第20回 「キング・コング」(1933年)と「アバター」(2009年)

Text by 村岡宏一(Koichi Muraoka)
映像翻訳本科「実践コース」を2008年3月に終了。在学時は北海道・札幌市から毎週土曜日"飛行機通学"であった。当年とって56歳。映画、特に人生に大きな影響を与えてくれた、60年代終盤から70年代にかけての「アメリカン・ニューシネマ」をこよなく愛す。

■第20回 映像テクノロジーの進化は何をもたらすのか?/「キング・コング」(1933年 アメリカ)と「アバター」(2009年 アメリカ)

今日は、旭川市にある某シネ・コンのメンズ・デー。降りしきる雪の中を1時間近くかけてやってきた。駐車場は除雪がまだ手付かずで、運転席から足を降ろすと膝下近くまで埋まってしまったが、この時期の北海道では当たり前のことで、そんなことは誰も苦にせずに行動する。とはいっても、苦労して観に来たのに期待した結果が得られなかったときの落胆は雪のない時期より大きいのは確かだ。今日は果たしてどうであろうか。

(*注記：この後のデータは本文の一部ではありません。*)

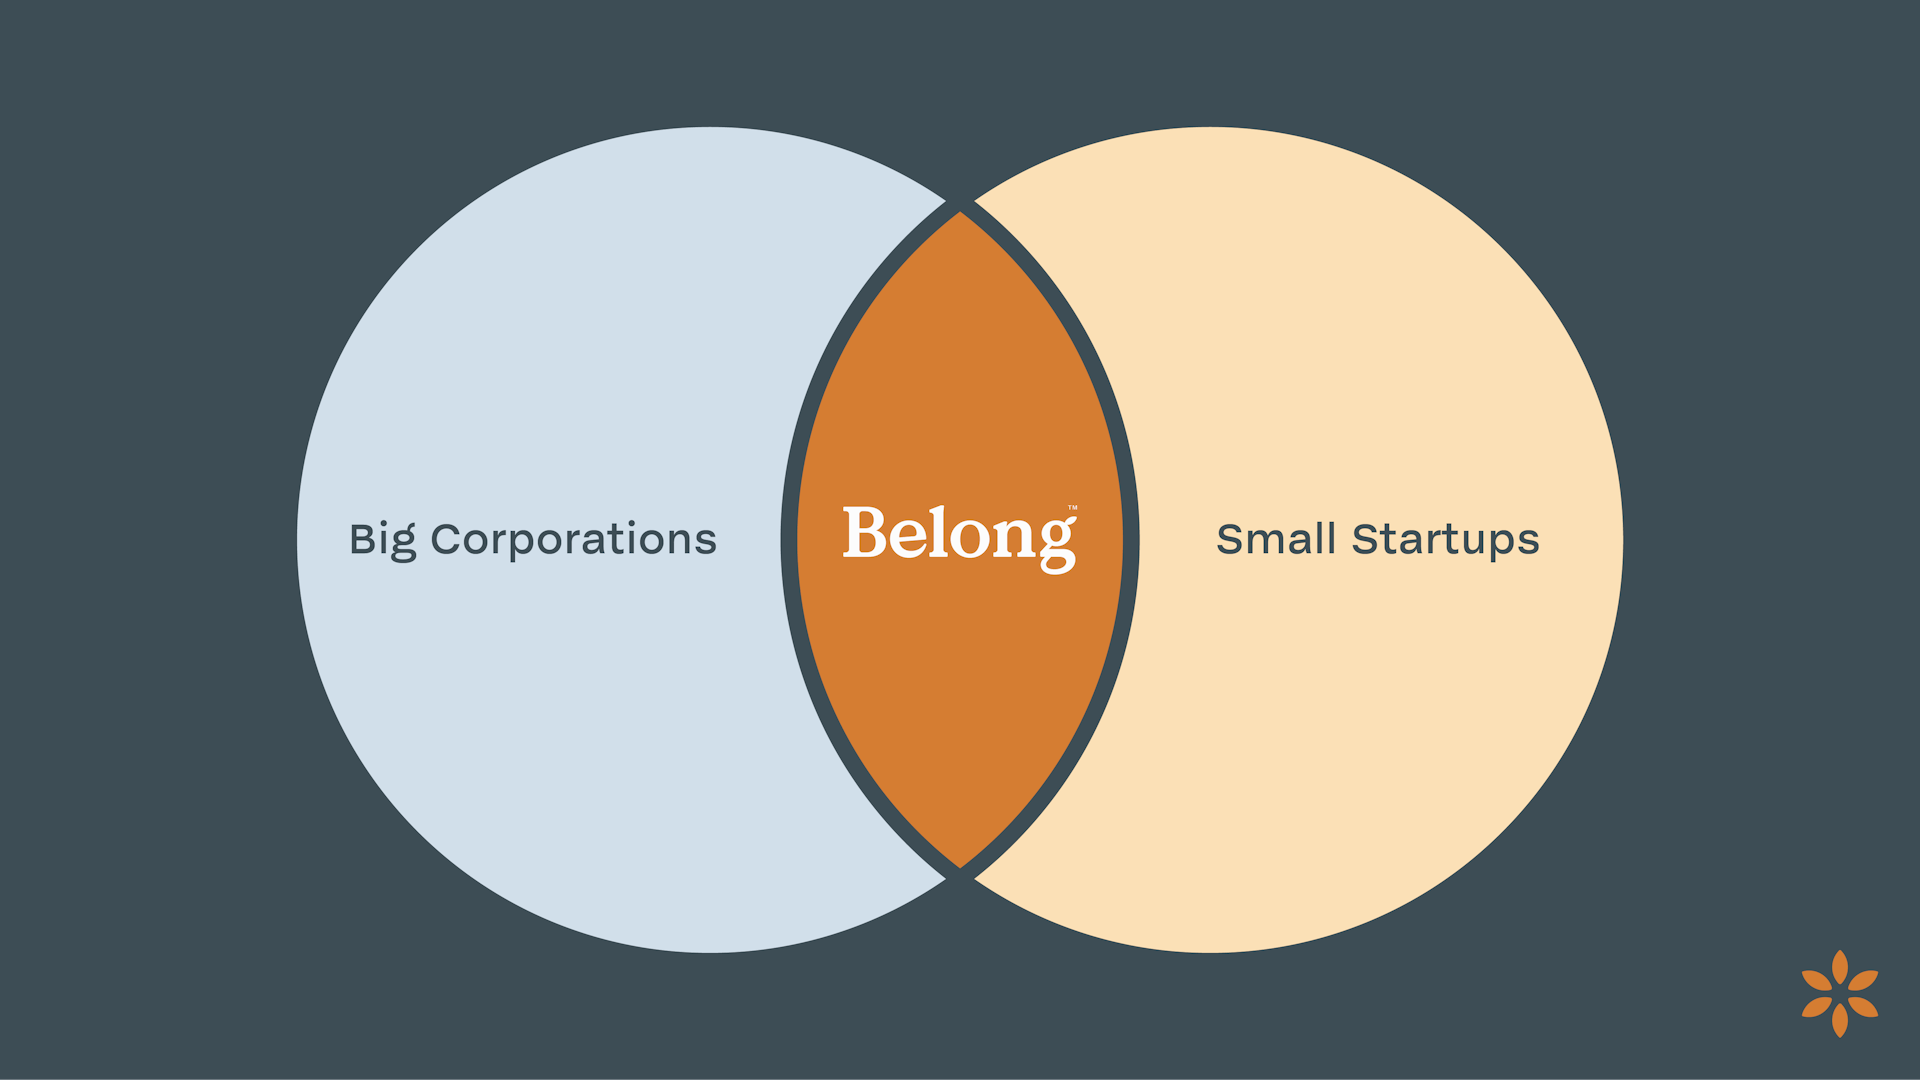 Venn diagram of Belong in the overlap of 'Big Corporations' and 'Small Startups'
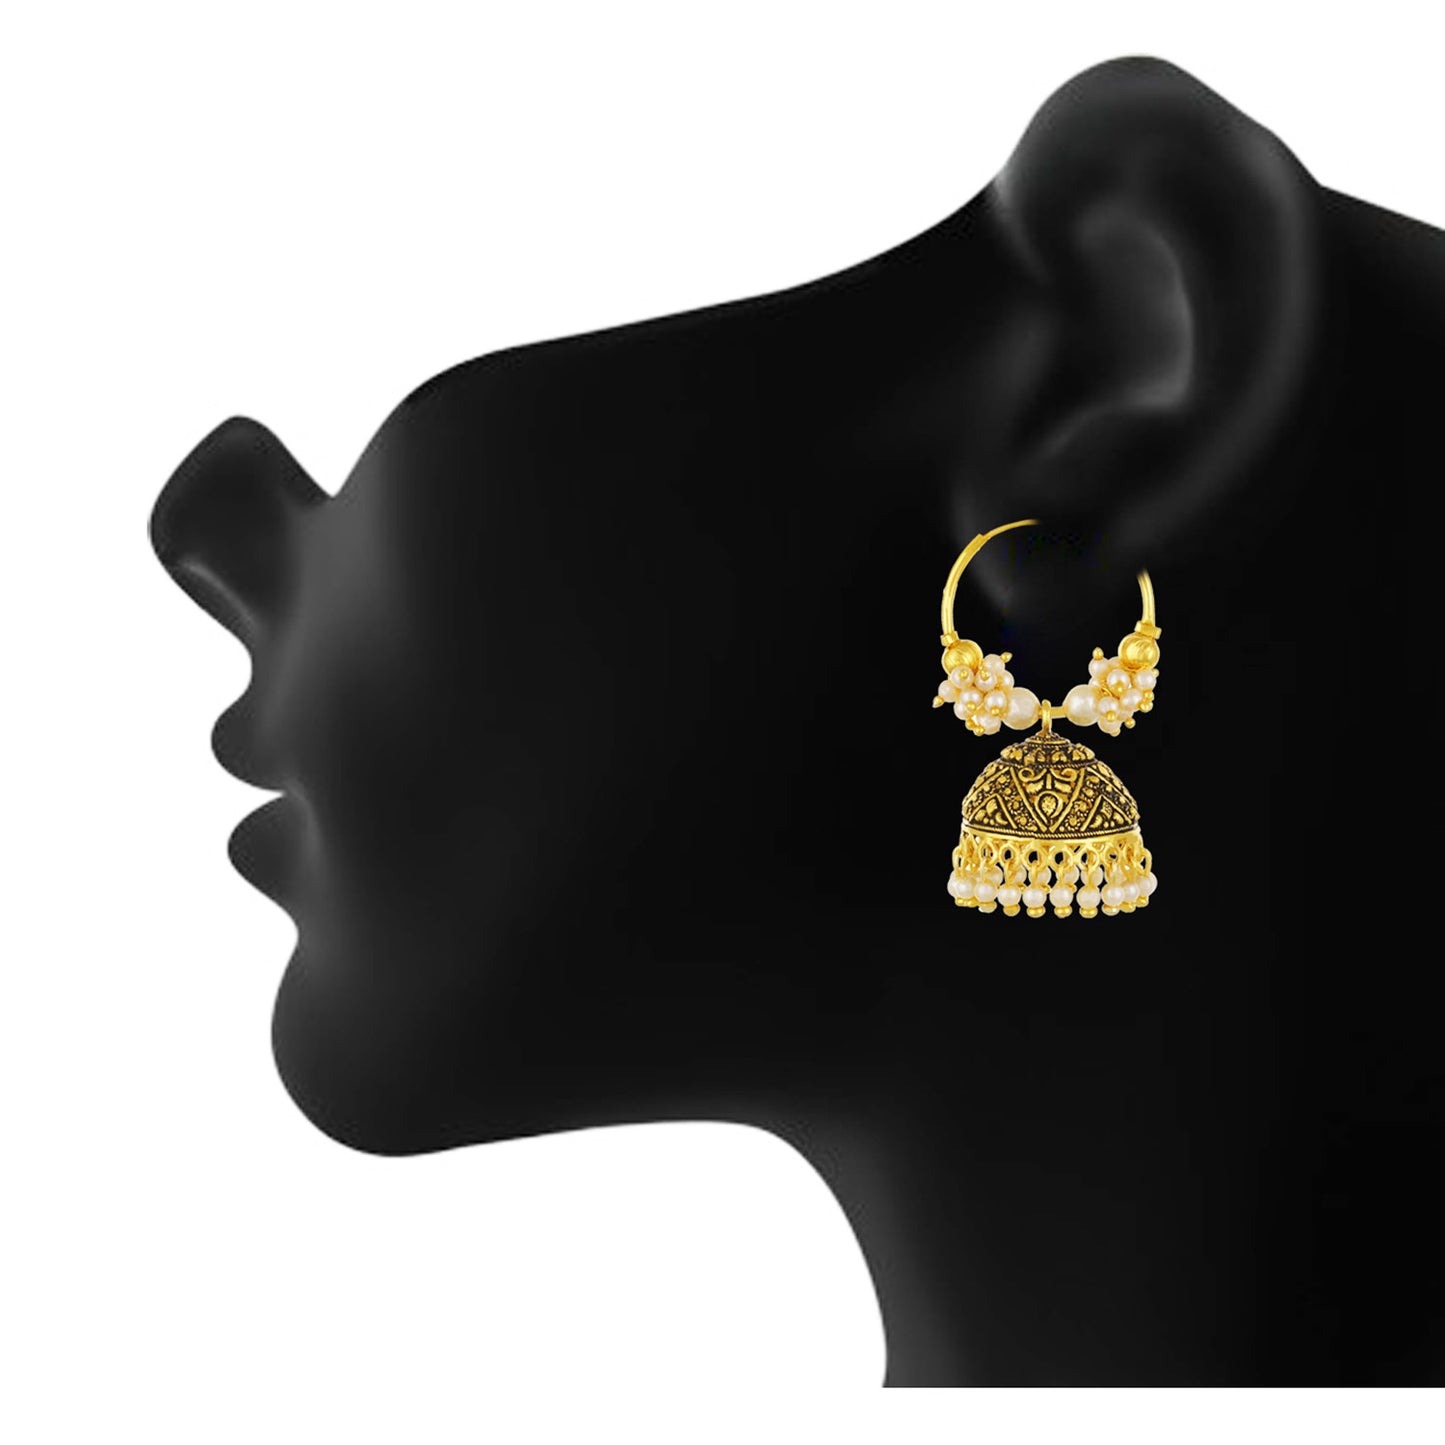 Gold plated Chandbali Jhumki Pearl Earrings Fashion Imitaion Jewelry for Girls and Women

通常のメンズ・デーは男性が1000円で映画鑑賞をすることができる。しかし今日はジェームス・キャメロン監督12年ぶりの新作「アバター」の3D版を鑑賞しようと決めていたので、それにプラス300円が必要となる。1300円で入場券を購入し入場口まで進むと入場券と交換に係員の女性が3D用のメガネを渡してくれた。がっちりとした固いゴムのようなフレームで作られており、レンズには薄く色が付いている。普通のメガネをかけていてもその上に装着できる。重さは軽いと言って良いのか、普通のメガネよりはわずかに重いような気がするが鑑賞にはほとんど差しさわりの無い程度だ。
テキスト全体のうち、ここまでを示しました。